Das Museum Morsbroich vor der Schließung bewahren!

Der VDR und vier weitere Verbände, die für den Erhalt des kulturellen Erbes eintreten, appellieren in einem Schreiben an Ministerpräsidentin Hannelore Kraft, an die nordrhein-westfälische Kulturministerin Christina Kampmann und den Leverkusener Oberbürgermeister Uwe Richrath, alles daran zu setzen, das Museum Morsbroich vor einer Schließung zu bewahren.

Schloss Morsbroich, Frontfassade, 2007 (Foto: Emanuel13; CC BY 3.0)


Wirtschaftsprüfer hatten in einem Gutachten empfohlen, das 1951 eröffnete Museum Morsbroich mit seiner anerkannten Sammlung zeitgenössischer Kunst zu schließen und Teile seines Bestands zu verkaufen, damit die verschuldete Stadt Leverkusen ihre Sparvorgaben erfüllen könne.

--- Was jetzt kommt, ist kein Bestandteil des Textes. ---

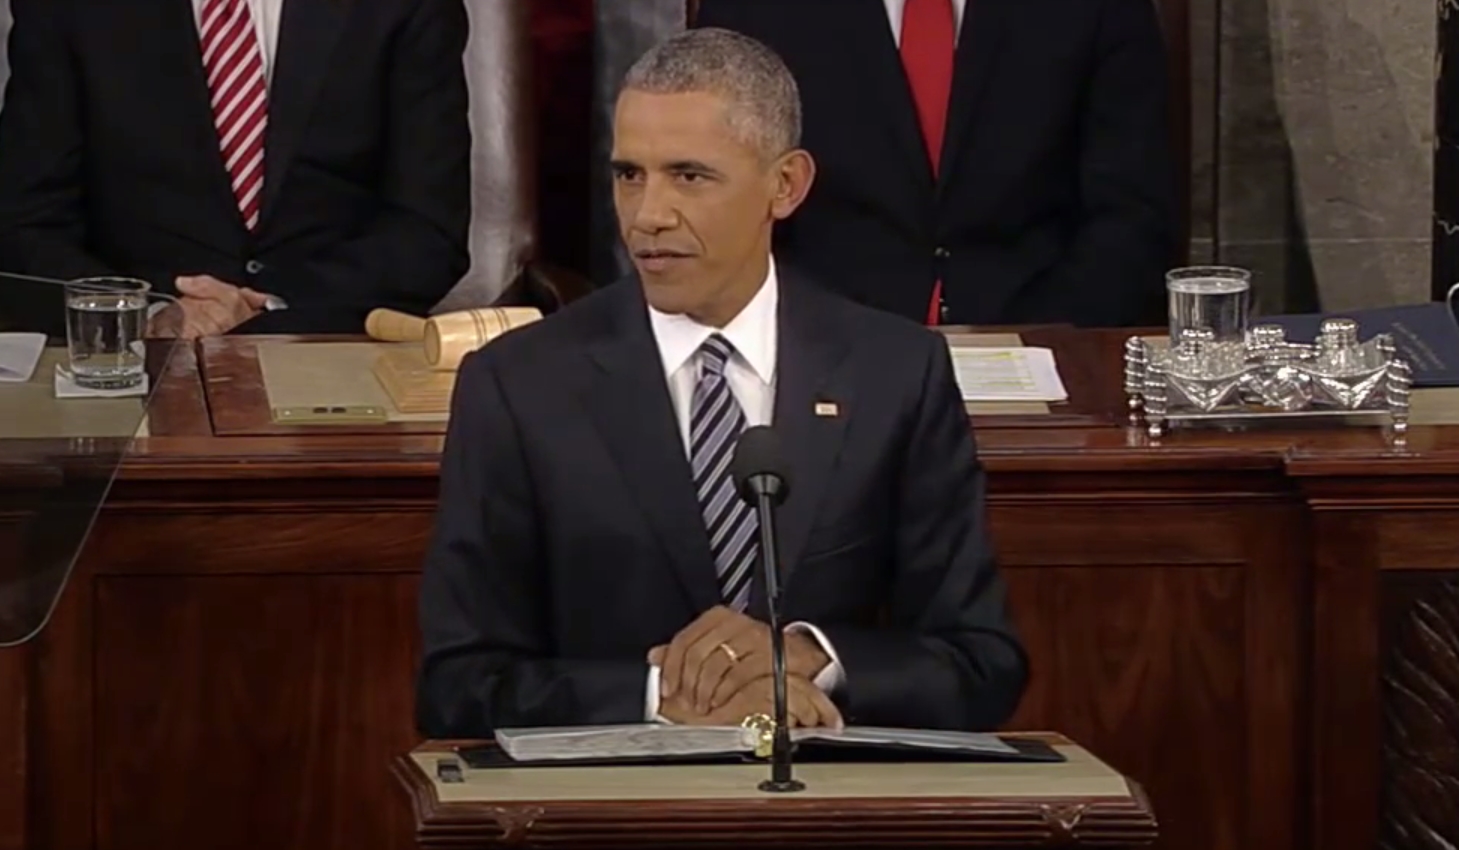 Obama state of the union 2016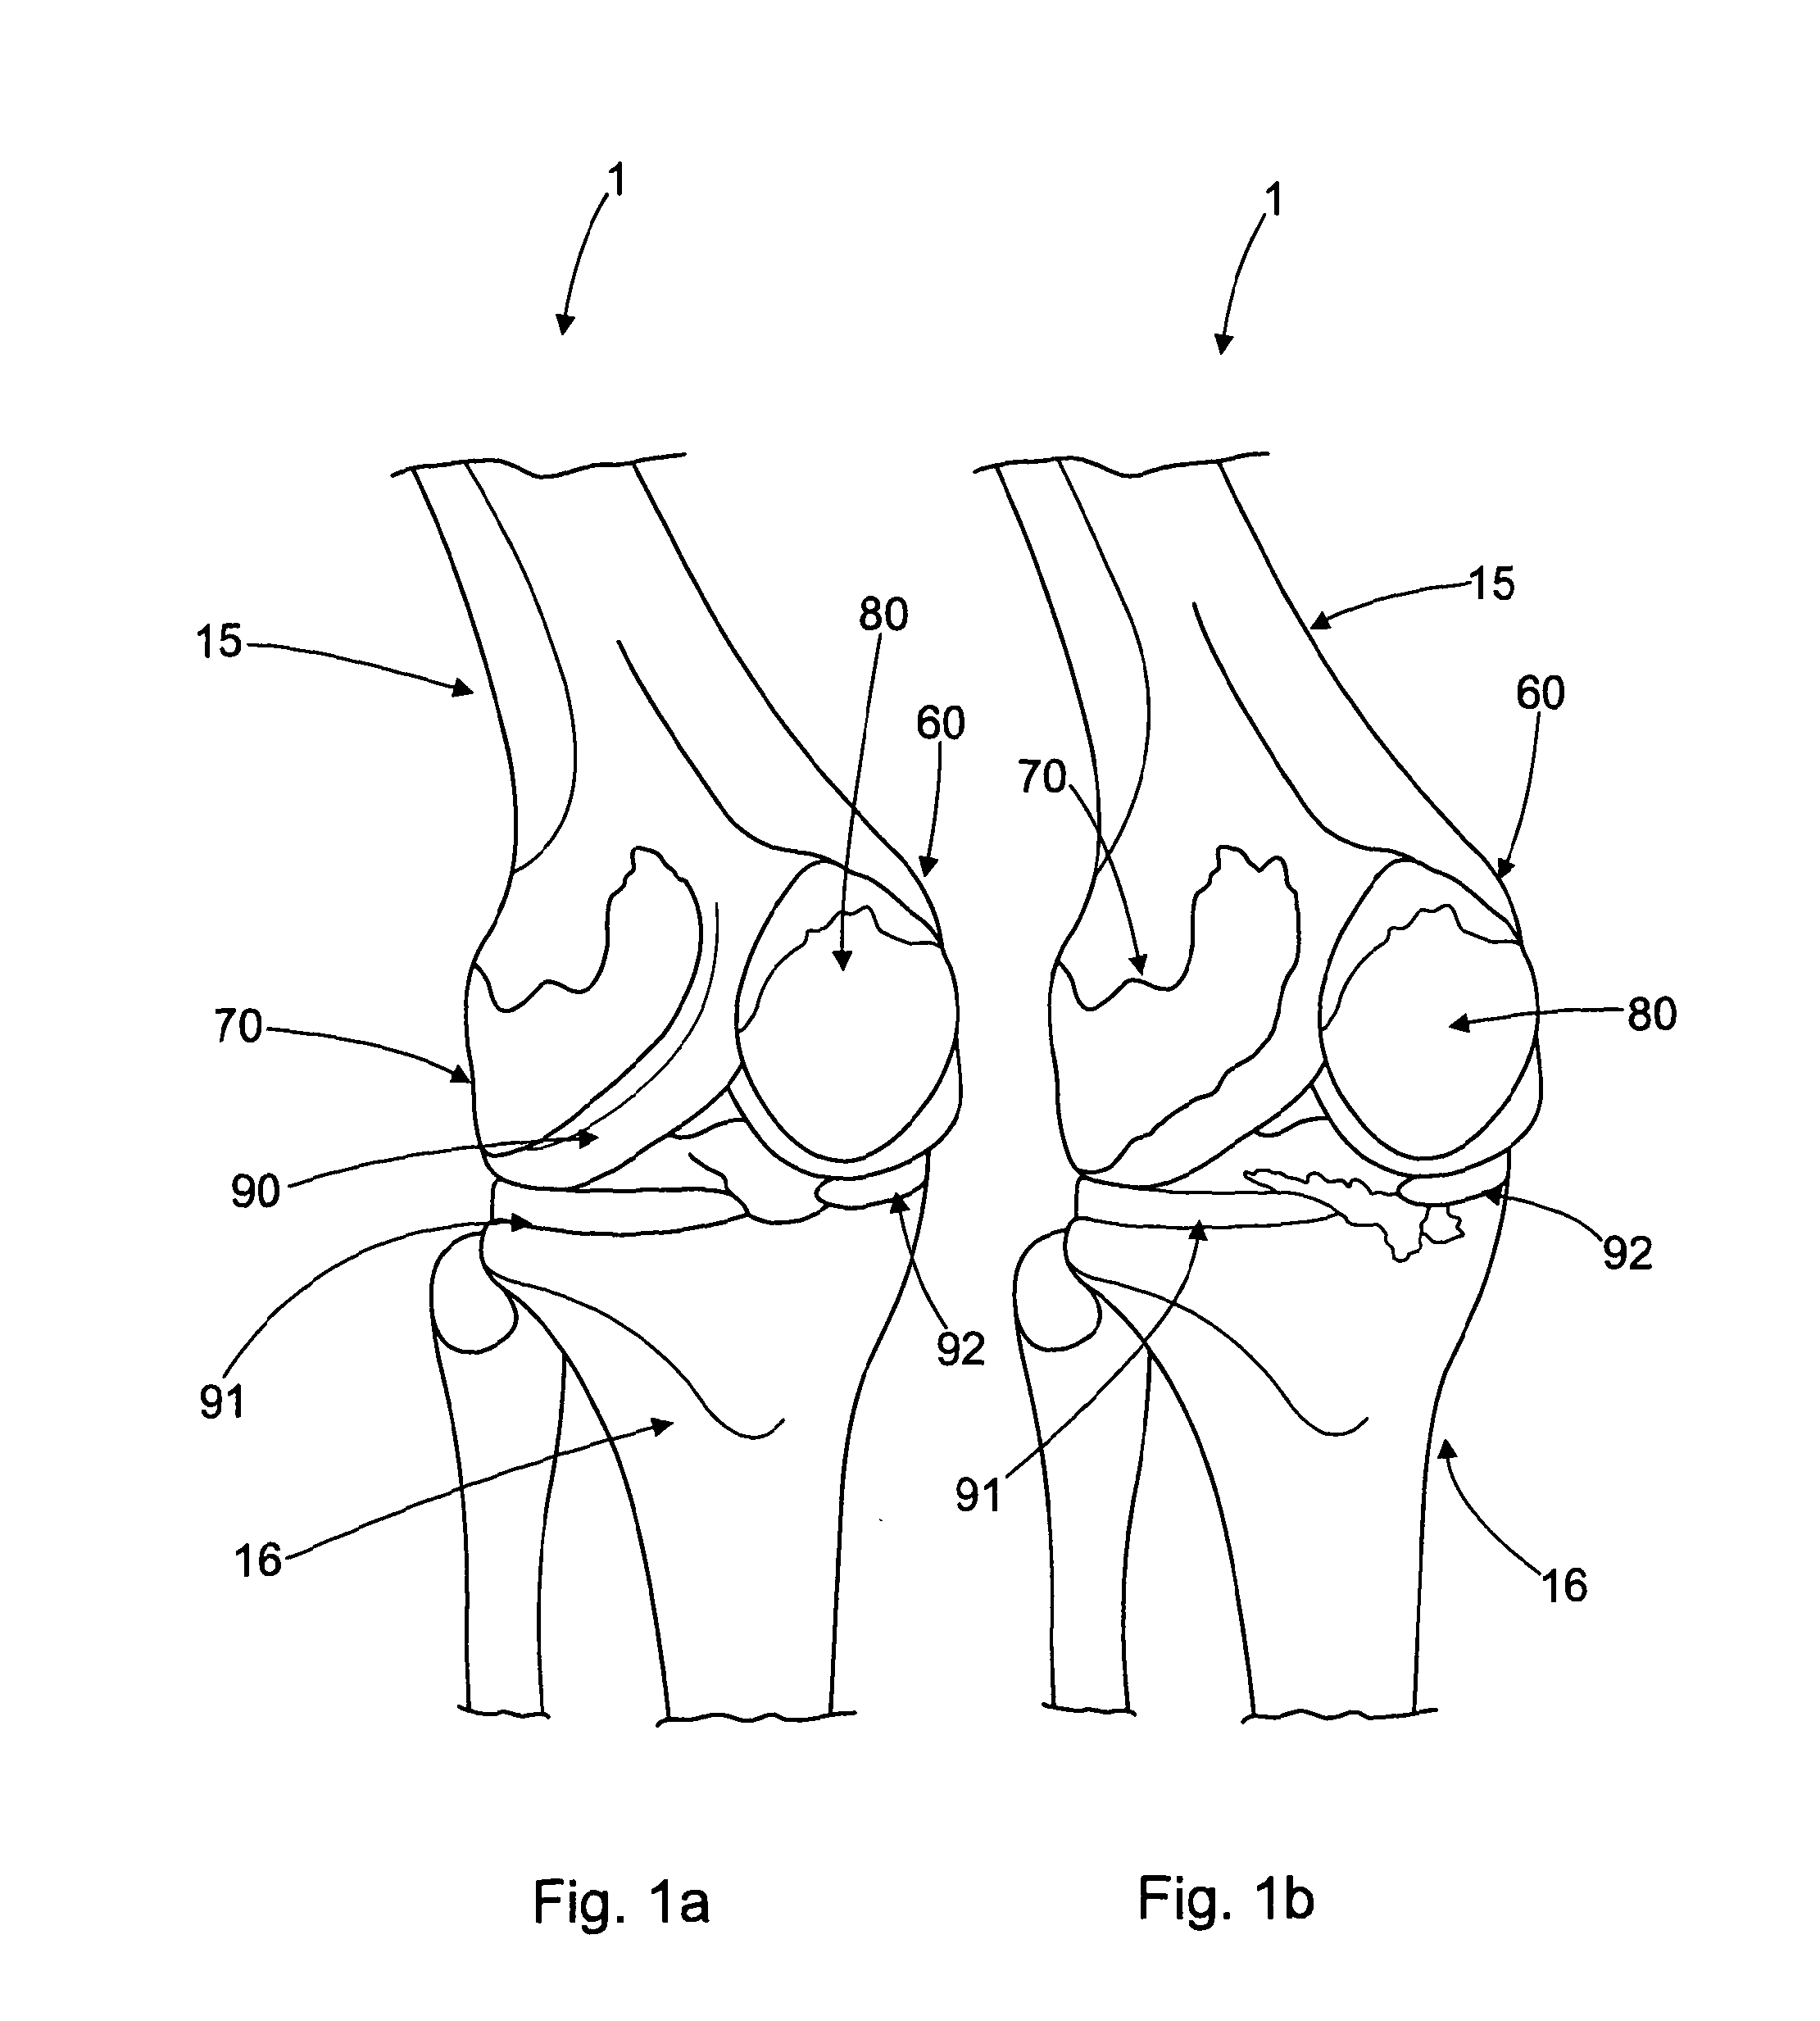 Tibial prosthetic component for a partial or unicondylar bearing knee replacement, method of selecting such a tibial prosthetic component, method of implanting such a tibial prosthetic component and a kit for a surgeon

„Allein das Ansinnen, mit einem schnellen Ausverkauf kurzfristig Haushaltslöcher stopfen zu wollen“, widerspreche „dem gesellschaftspolitisch gebotenen Grundgedanken einer ausgewogenen Ressourcen-Nutzung, bei der auch die Bewahrung der wesentlichen Eigenschaften, der Stabilität und der natürlichen Regenerationsfähigkeit des Kulturlebens in der Stadt und der Region für seine wirtschaftliche Attraktivität im Vordergrund stehen muss.“ 

Appell gegen die Schließung des Museums Morsbroich

Die Sparvorschläge rufen viele Kritiker auf den Plan. Neben Künstlern wie Gerhard Richter und dem Deutschen Museumsbund sowie den 20 Direktoren der Ruhrkunstmuseen, die sich öffentlich gegen das Vorhaben äußern, ist es jedem Bürger möglich, sich an einer undefinedOnline-Petition zu beteiligen.

Der VDR unterstützt diese Petition und ruft seine Mitglieder dazu auf, ebenfalls zu unterzeichnen.